I am sure it's a question that's been pondered on by countless many - just what if Hitler had really won the war? Or even worse, taken over the planet? Would we be in a state of total autocracy? Would companies like Amazon and Microsoft be run by the Third Reich? Would the gestapo be snooping on emails? Or the flip side to that, what if no war at all? What if Hitler, Himmler, Bormann and Goebbels were pacifist jazz musicians and started a quartet? What if Mr and Mrs Hitler senior moved to the south pacific, where a young Adolf swam happily with turtles during his youth? When dealing with 'what if', then it really gets you thinking.

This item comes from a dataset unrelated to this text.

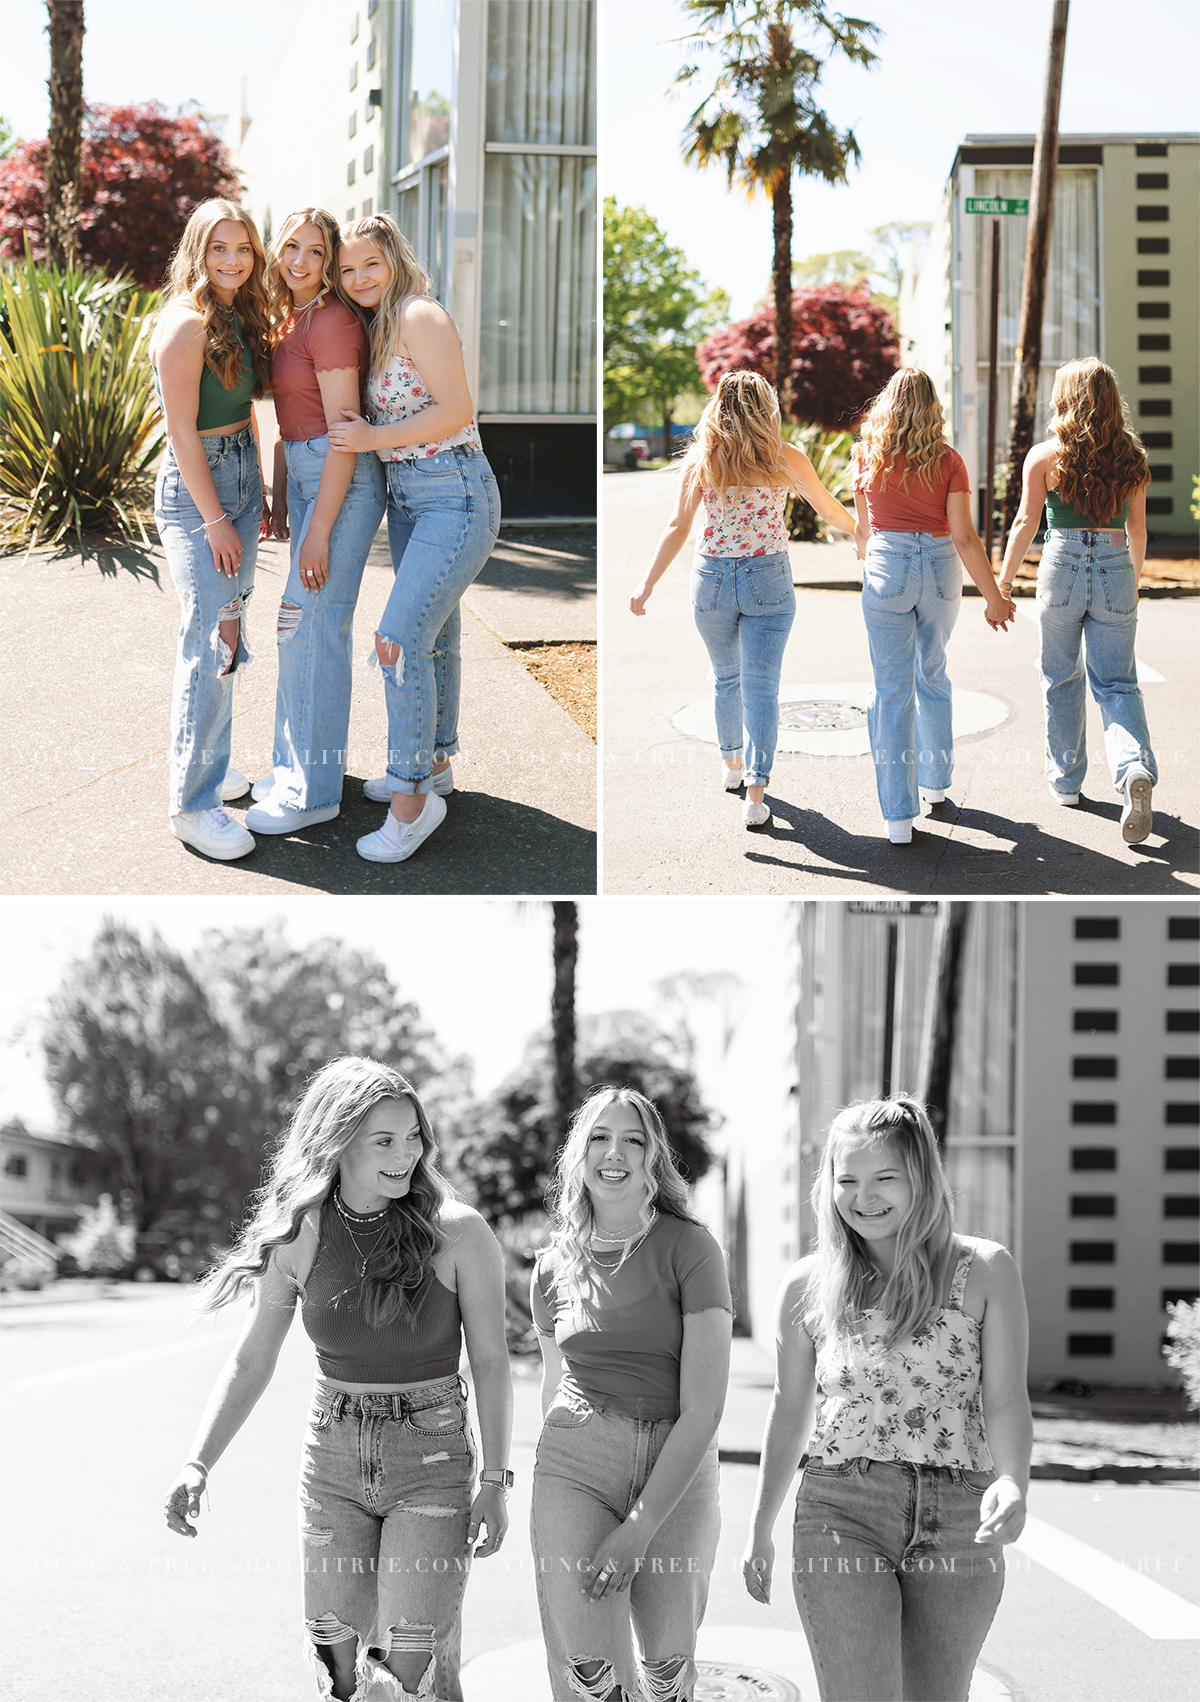 Personality-infused senior pictures with three best friends in an urban location

So then, Robert Harris's Fatherland is speculative fiction that contains historical scenarios based on an alternative pre and post war Europe. Taking place in Berlin 1964, it's the upcoming birthday of the Führer and President Kennedy is also due a visit, it's a Berlin that reminds me of the dull, grey, East Germany of the 1980's. Fatherland is singular in the rigour with which it imagines an alternative history, in which the Greater German Reich stretches from the Low Countries to Russia, other countries are of little interest to the Nation apart from Switzerland, where important people within the Reich dump there treasures or money in secret bank accounts. Britain is nothing more than a client state. America remains in the background.
In this alternative history, Xavier March, a cop, is one of the good guys, despite his SS uniform, and is sent one gloomy morning to a lake on the outskirts of Berlin after a body is discovered, this then turns into a murder investigation as the old man washed up turns out to be a once important Nazi bureaucrat. From here the plot thickens, adding more deaths, a run in with a hulking Gestapo called Globus who may be involved deeper than March thinks, an American reporter, Charlotte Magiure who becomes his ally, and just like in the movies they end up under the sheets together, along with all the other normal formalities like, who can he trust?, can he take beating?, and when the chips are down still courageously solve the mystery and become cult status?

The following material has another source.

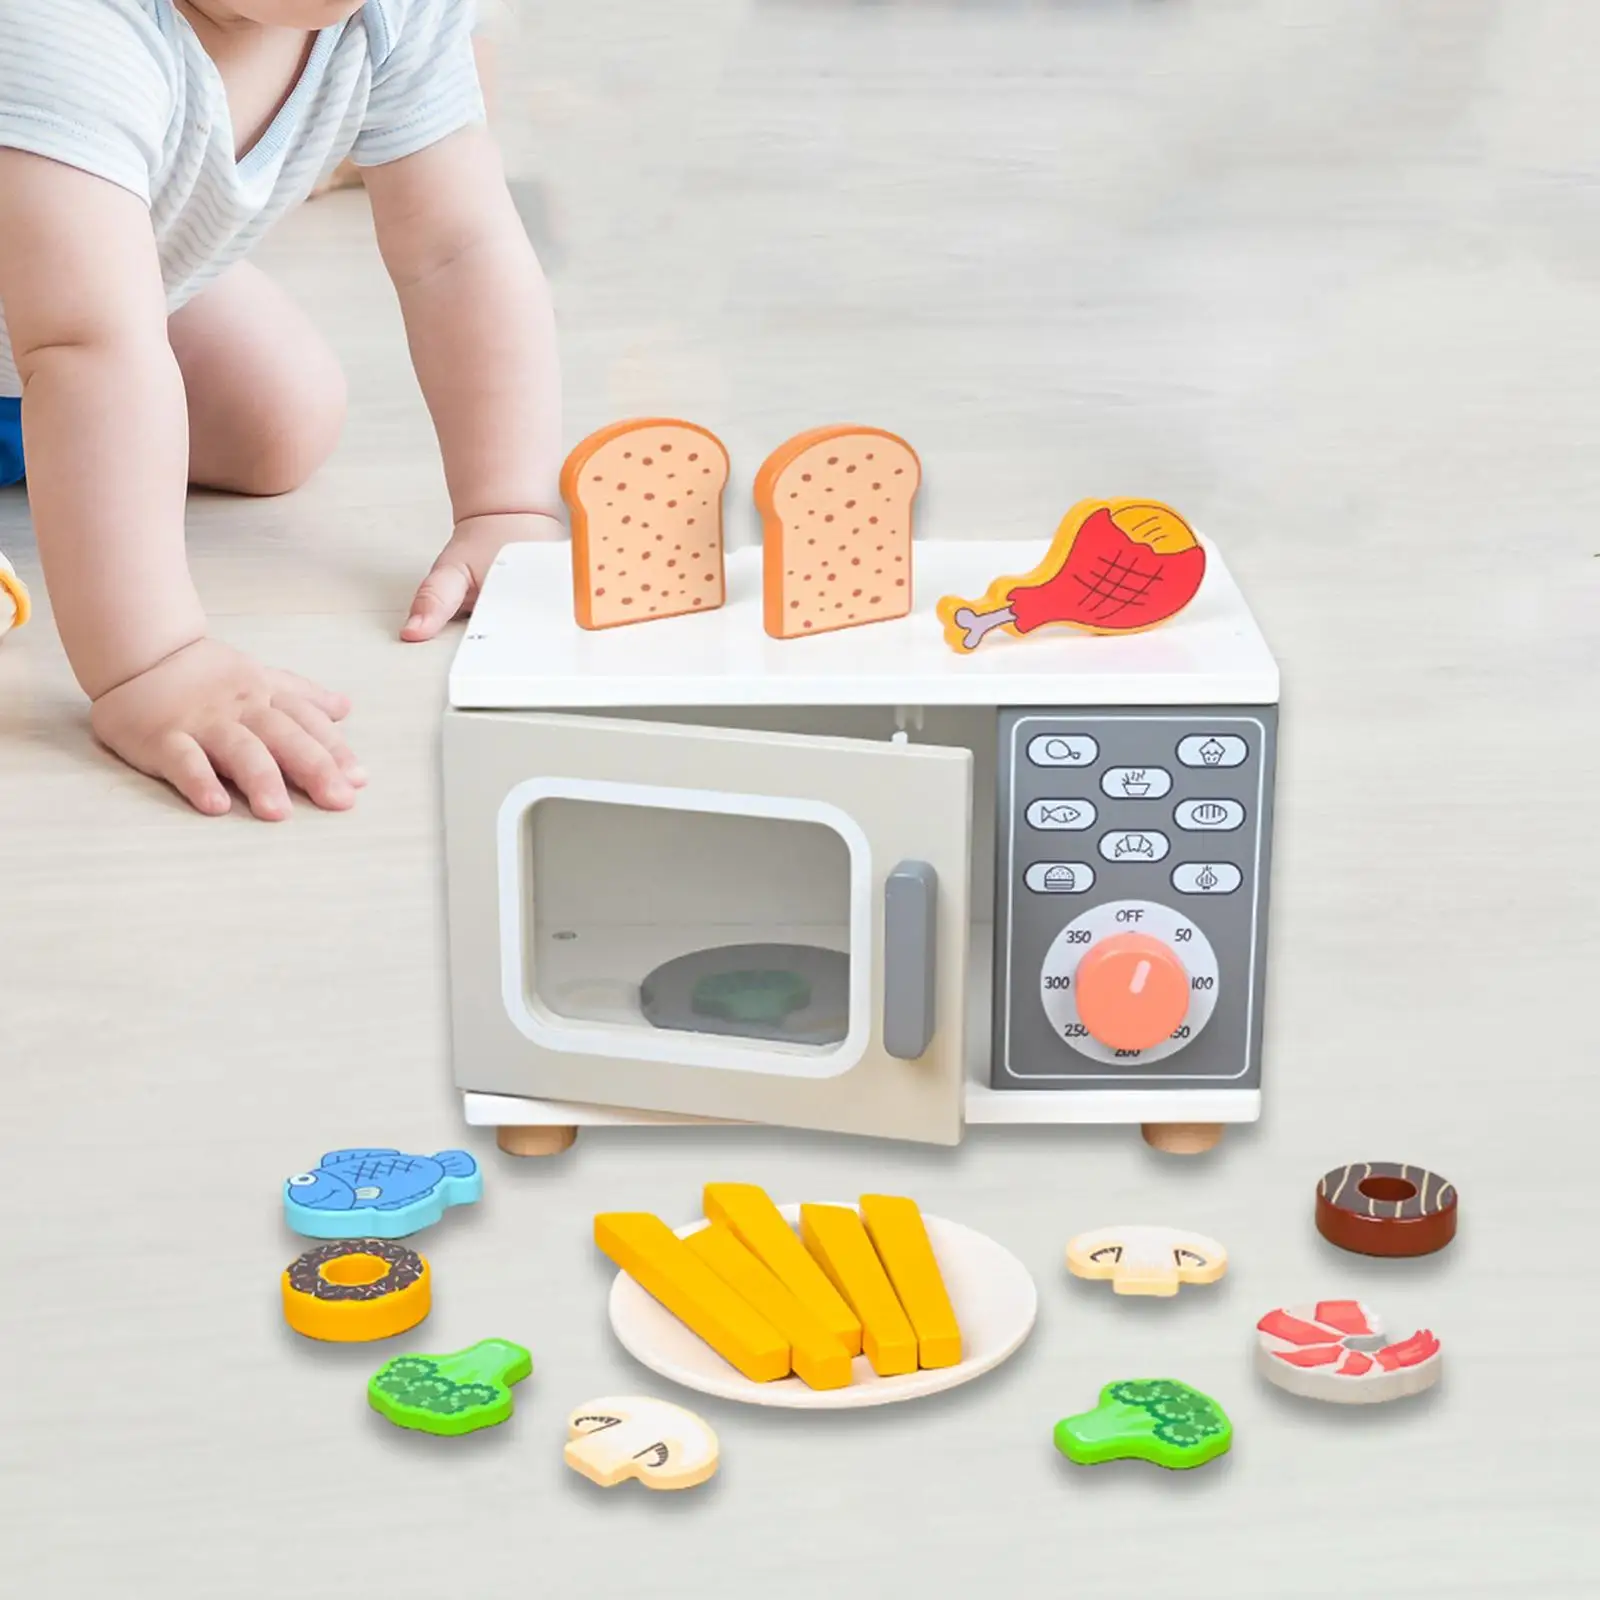 Kids Microwave Toy Educational Toys Play Pretend Toys Realistic Toy Kitchen Appliances for Girls Boys Kids Children 3-8 Year Old

It's chilling in it's depiction of what happened before and after the war, it's thrilling and filled with plenty of tension. One thing it isn't, is better than I expected.

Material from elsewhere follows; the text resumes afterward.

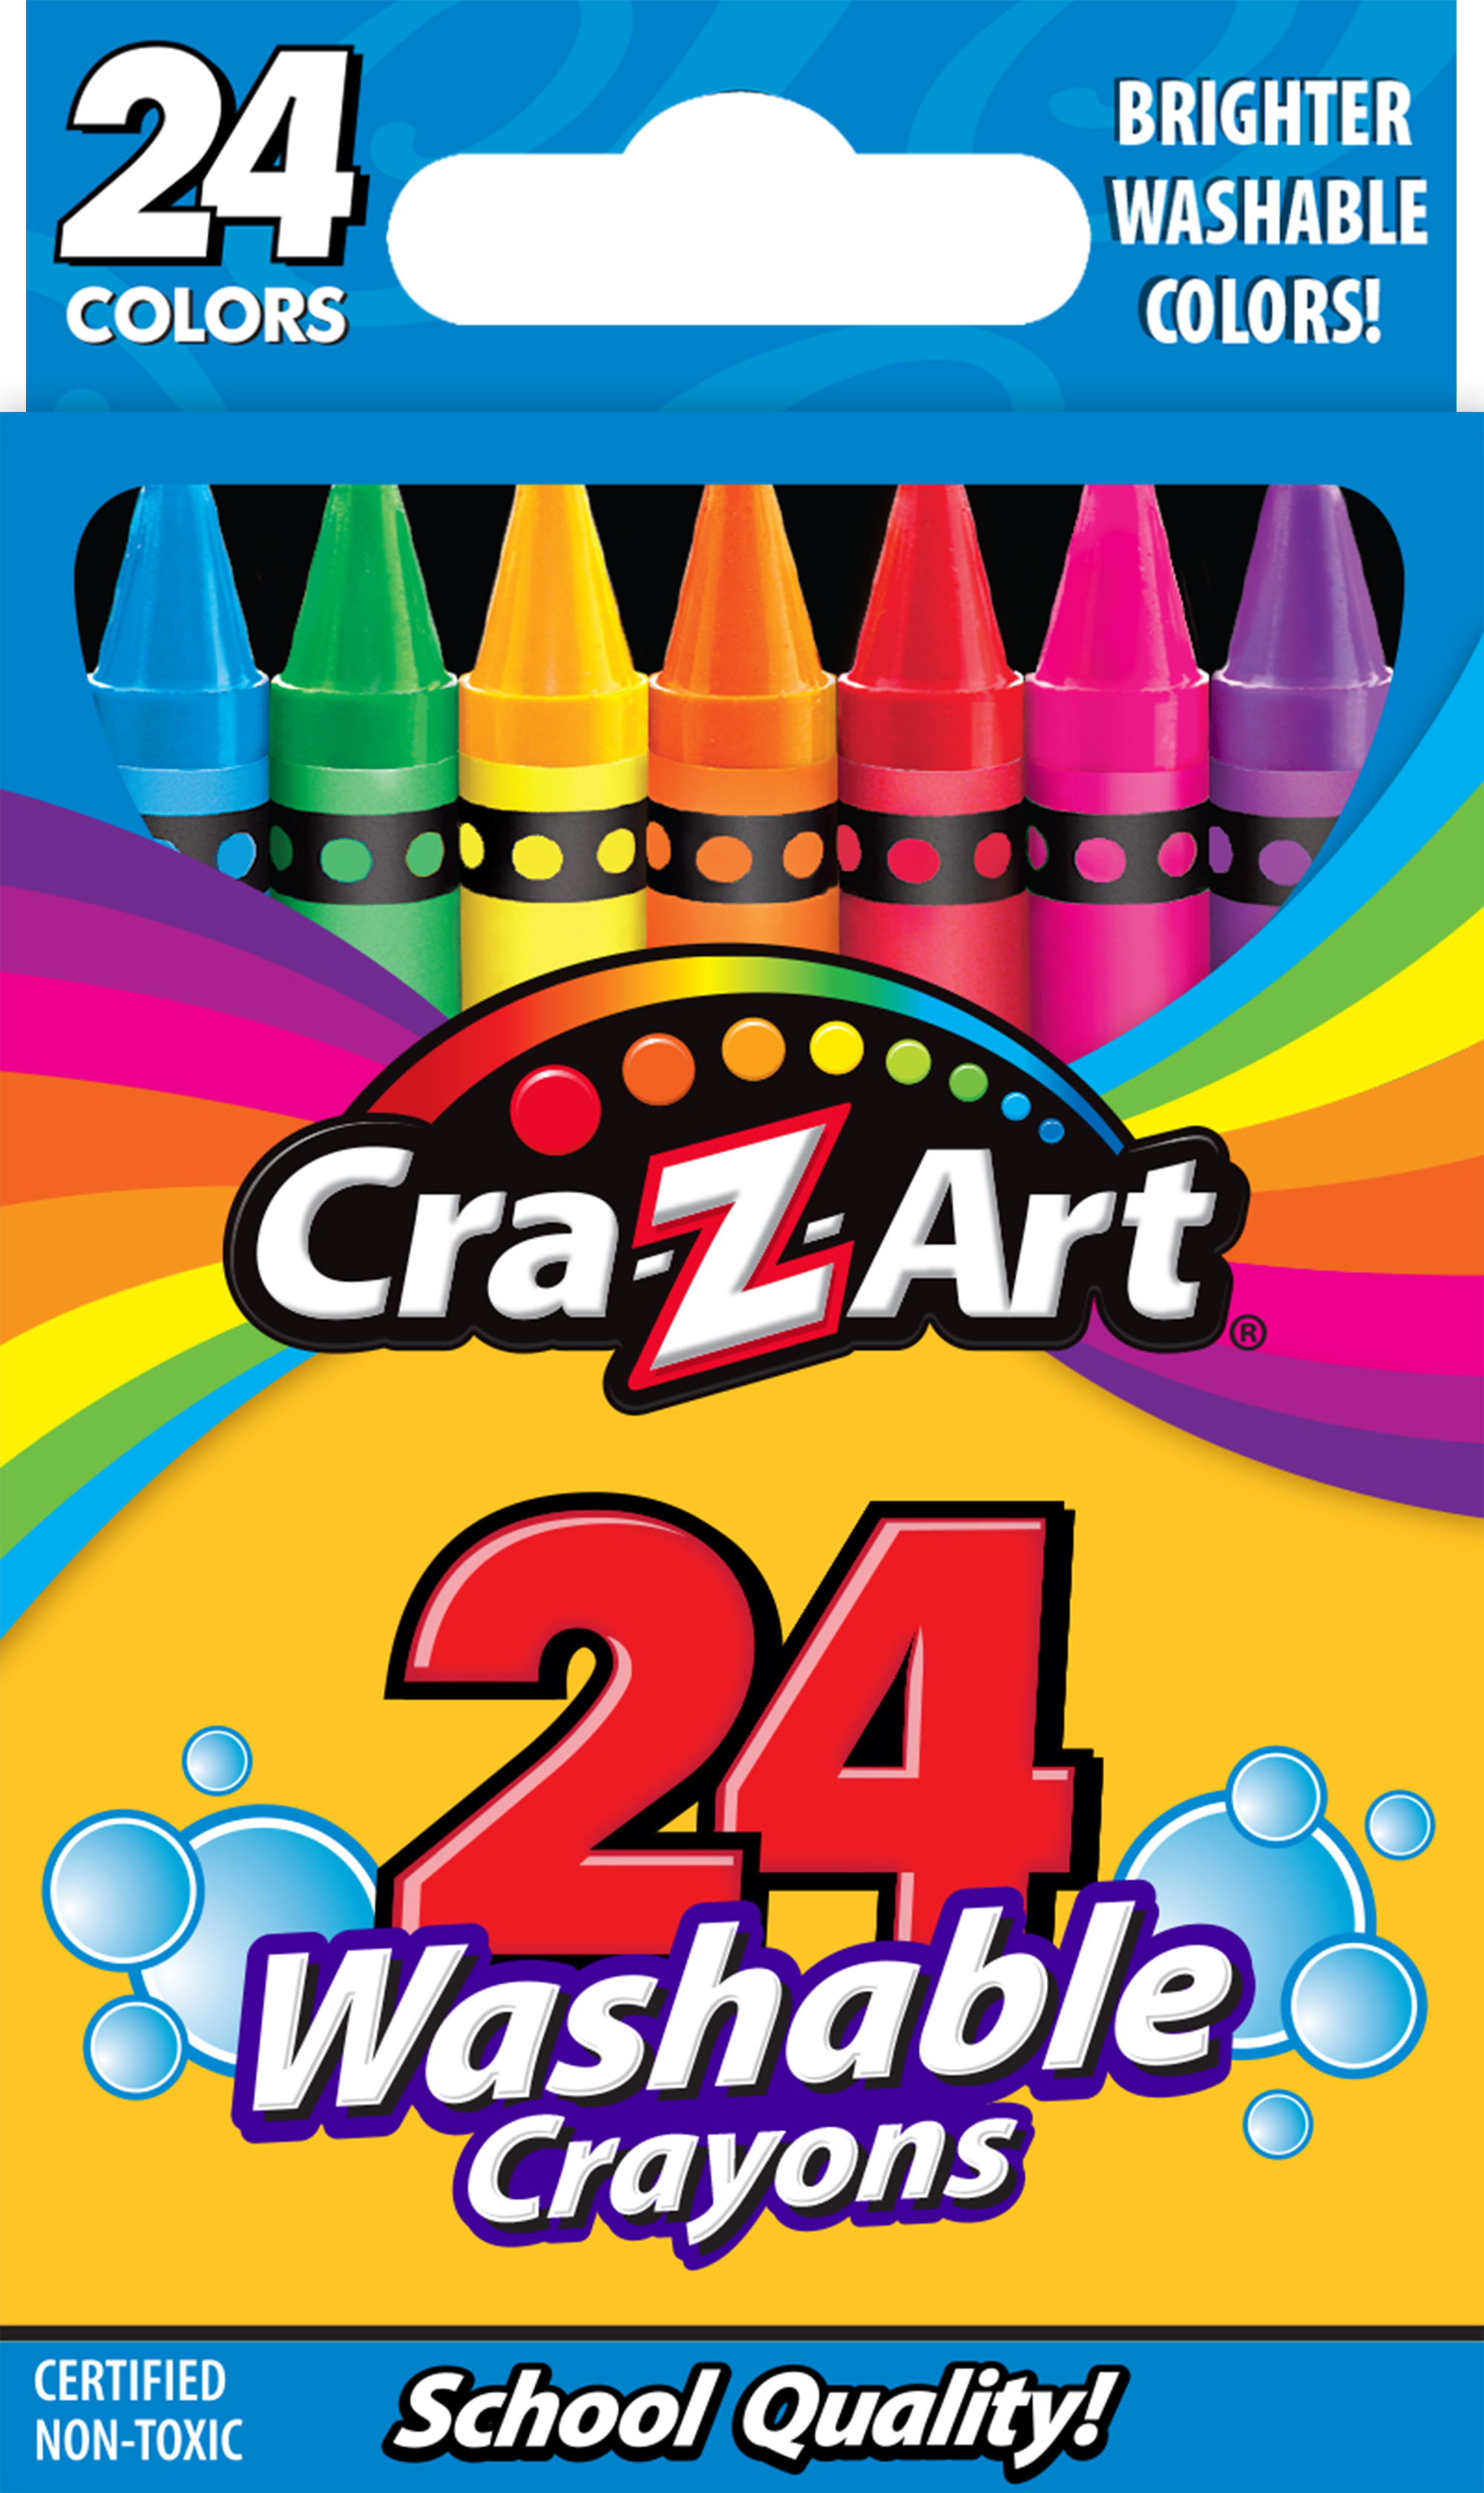 Cra-Z-Art Washable Crayons, 24 Count - image 1 of 8

Although it kept me on tenterhooks, far too many moments were predictable, and had me almost yelling at the pages "no!, don't do that" or " stay away from there!, it's obvious what's going to happen!". It's a tried and tested formula that works, yes, but has been done better in terms of the crime/mystery page-turning thriller genre. I said to myself prior to reading, as long as it's a better read than The Da Vinci Code I would be happy. I am happy, not bouncing around with joy happy, just happy.